Lorsque la syphilis n'a pas été diagnostiquée et traitée au cours de la première année d'évolution, elle peut évoluer vers une phase tardive où on distingue :
• La syphilis tertiaire qui a aujourd'hui pratiquement totalement disparu en France puisqu'on considère que moins de 10 % des syphilis récentes non traitées évolueront vers cette forme. Cette phase de l’infection est dominée par des manifestations sur la peau, les muqueuses, des problèmes cardiaques et surtout neurologiques (« paralysie générale » et « tabès syphilitique »).
• Une syphilis sérologique tardive, qui peut être détectée lors d’une prise de sang et qui représente la majorité des patients dont la syphilis précoce n'a pas été traitée.

Quelles sont les complications de la syphilis ?

Si elle n’est pas traitée, la syphilis peut durer des années. Même chez une personne qui n’a pas de signes apparents, elle peut entraîner des lésions d’organes importantes. Grâce aux antibiotiques, de telles évolutions sont devenues rares dans les pays occidentaux.

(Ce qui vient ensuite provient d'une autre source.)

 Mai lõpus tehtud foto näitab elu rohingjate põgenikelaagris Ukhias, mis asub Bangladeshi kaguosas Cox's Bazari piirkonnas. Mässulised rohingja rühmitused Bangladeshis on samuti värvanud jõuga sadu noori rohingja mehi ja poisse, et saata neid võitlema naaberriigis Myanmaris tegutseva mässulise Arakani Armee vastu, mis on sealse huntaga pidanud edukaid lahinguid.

Sans traitement, 8 % à 10 % des personnes infectées souffrent de troubles neurologiques importants dix à vingt ans après le début de la maladie : c’est la « neurosyphilis ».
• Il s’agit le plus souvent d’une inflammation chronique du cerveau et de ses enveloppes ou « méninges ». Cela donne une « méningo-encéphalite » qui peut aboutir, après une phase d’excitation, à la démence. Ce tableau était connu autrefois sous le nom de « paralysie générale ».

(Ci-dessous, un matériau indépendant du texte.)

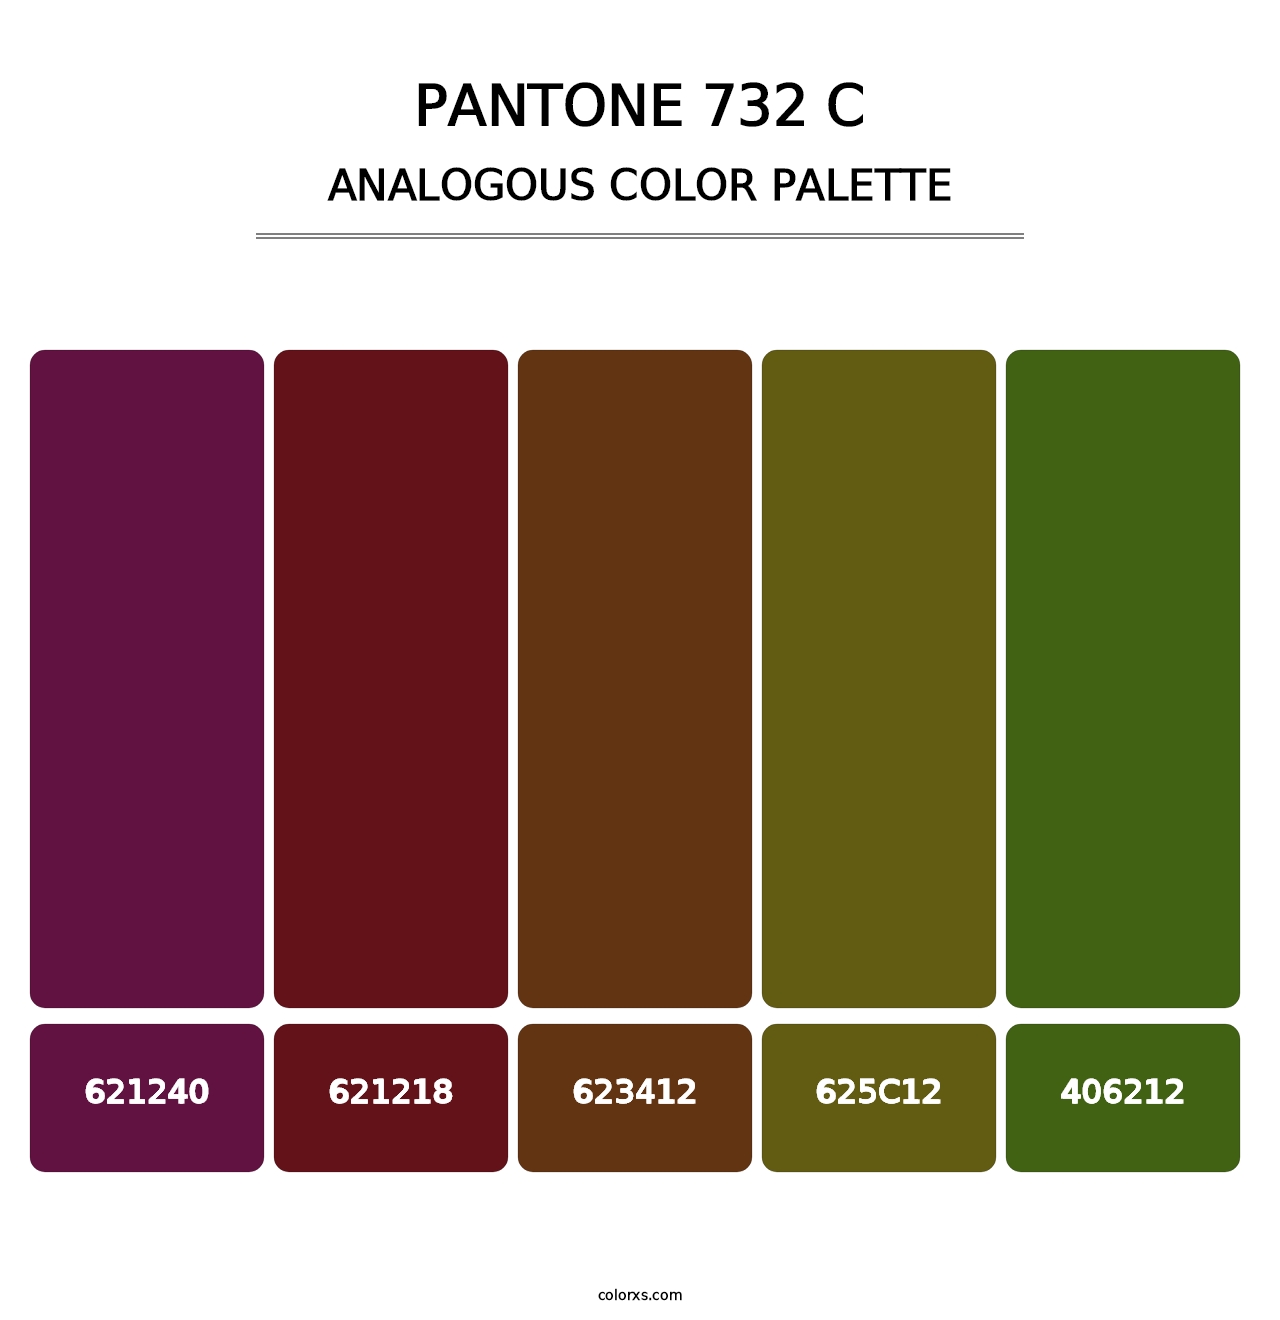 PANTONE 732 C - Analogous Color Palette

• Les malades peuvent aussi souffrir de trouble de la coordination des membres, associés à des douleurs lancinantes et à des pertes de contrôle de la vessie et des intestins : c’est le « tabès syphilitique » qui est une dégénérescence secondaire des racines nerveuses postérieures et d’une partie de la moelle épinière (« cordons postérieurs de la moelle »).
Des atteintes du cœur, des os, du foie, des yeux sont aussi décrites.
Une femme enceinte qui a la syphilis a un risque d’accouchement prématuré, d’avortement spontané (« fausse couche ») ou d’accoucher d’un enfant mort-né.
L’enfant d’une mère infectée risque de naître avec des malformations congénitales, comme une cécité partielle, une surdité, ou des malformations des os et des dents.
La syphilis augmente aussi le risque d’attraper ou de transmettre le VIH.